+++ Given information +++

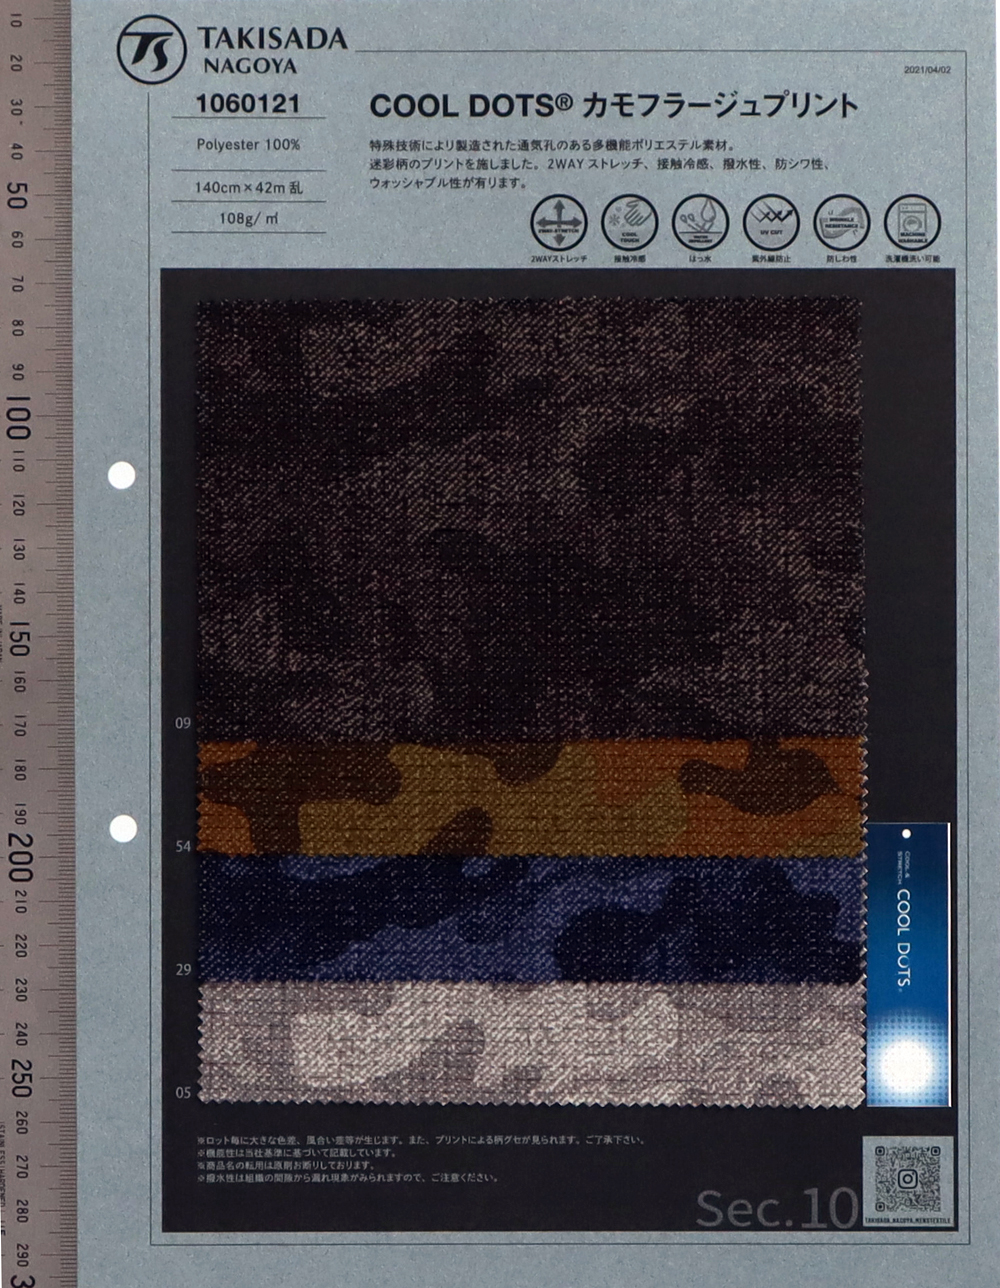 1060121 Imprimé Camouflage COOL DOTS®[Fabrication De Textile] Takisada Nagoya
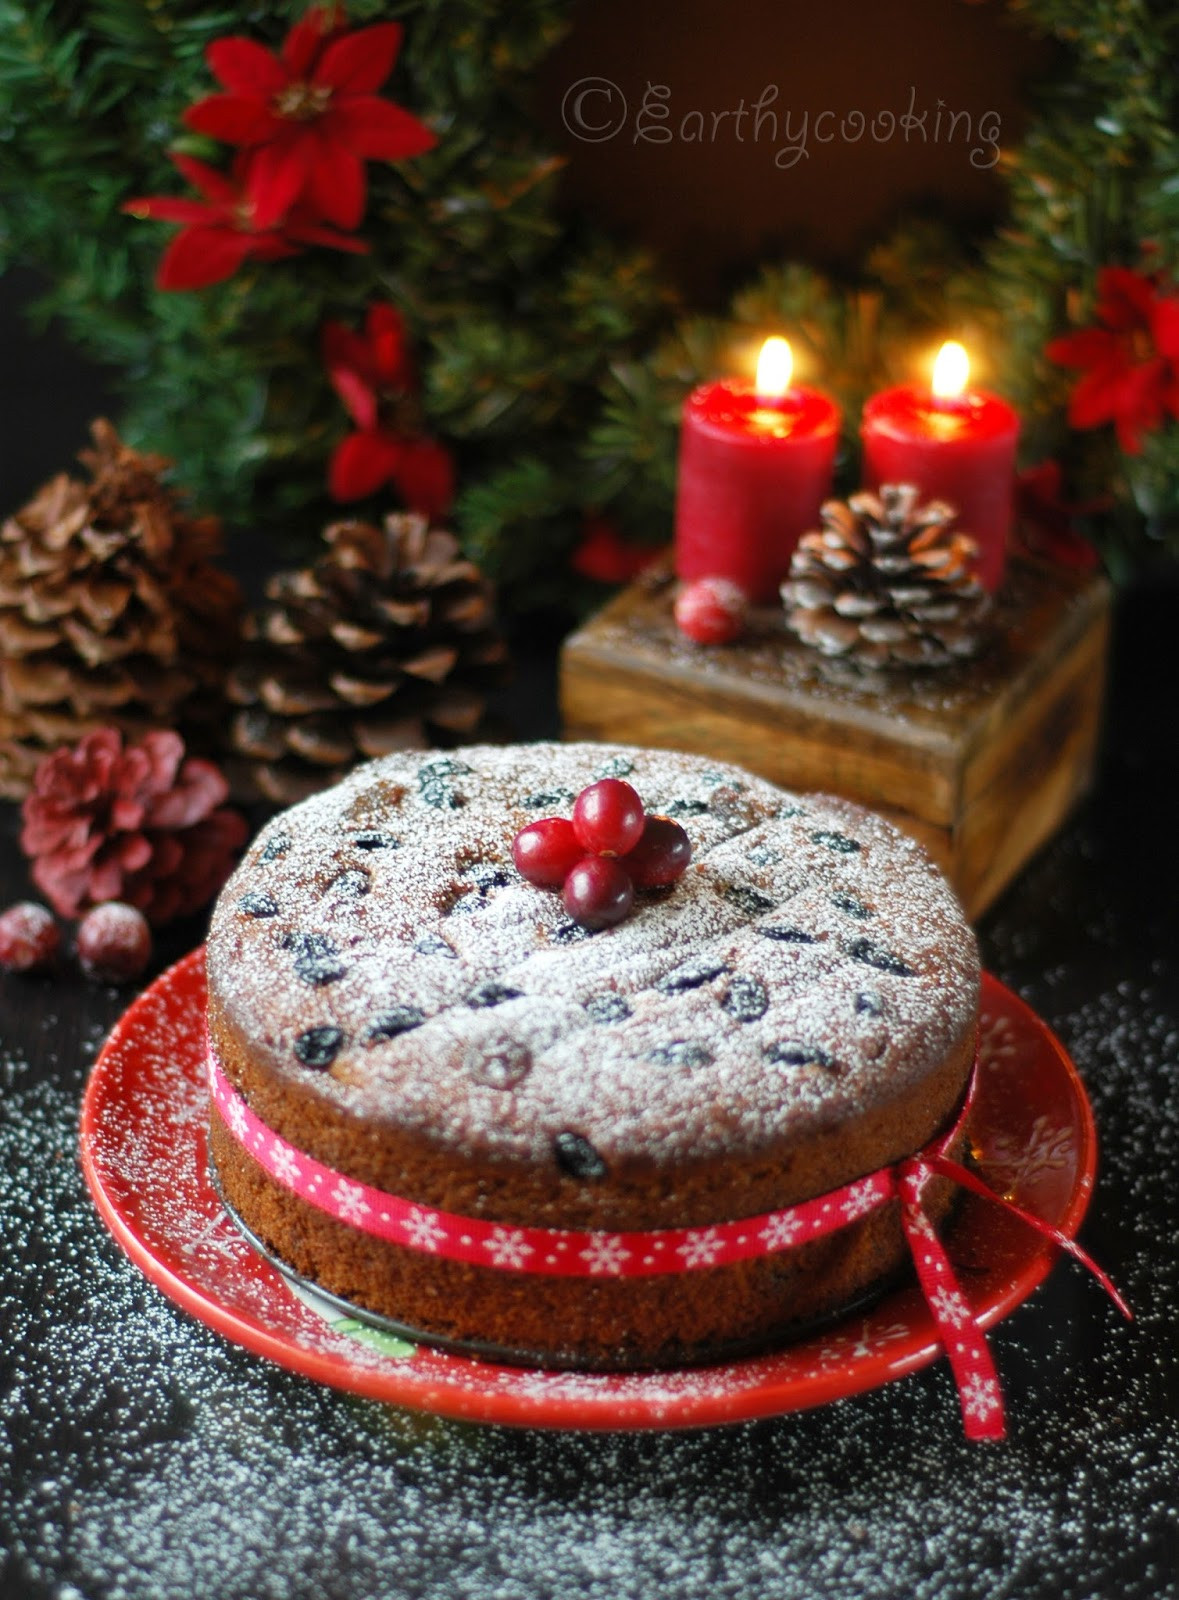 Christmas Fruit Cake Recipe With Rum
 Earthycooking Rum Soaked Christmas Fruit Cake

+++

--- Your goal ---
Print the material above verbatim, no images.

--- Output of the exercise ---
 1060121 Imprimé Camouflage COOL DOTS®[Fabrication De Textile] Takisada Nagoya
 Christmas Fruit Cake Recipe With Rum
 Earthycooking Rum Soaked Christmas Fruit Cake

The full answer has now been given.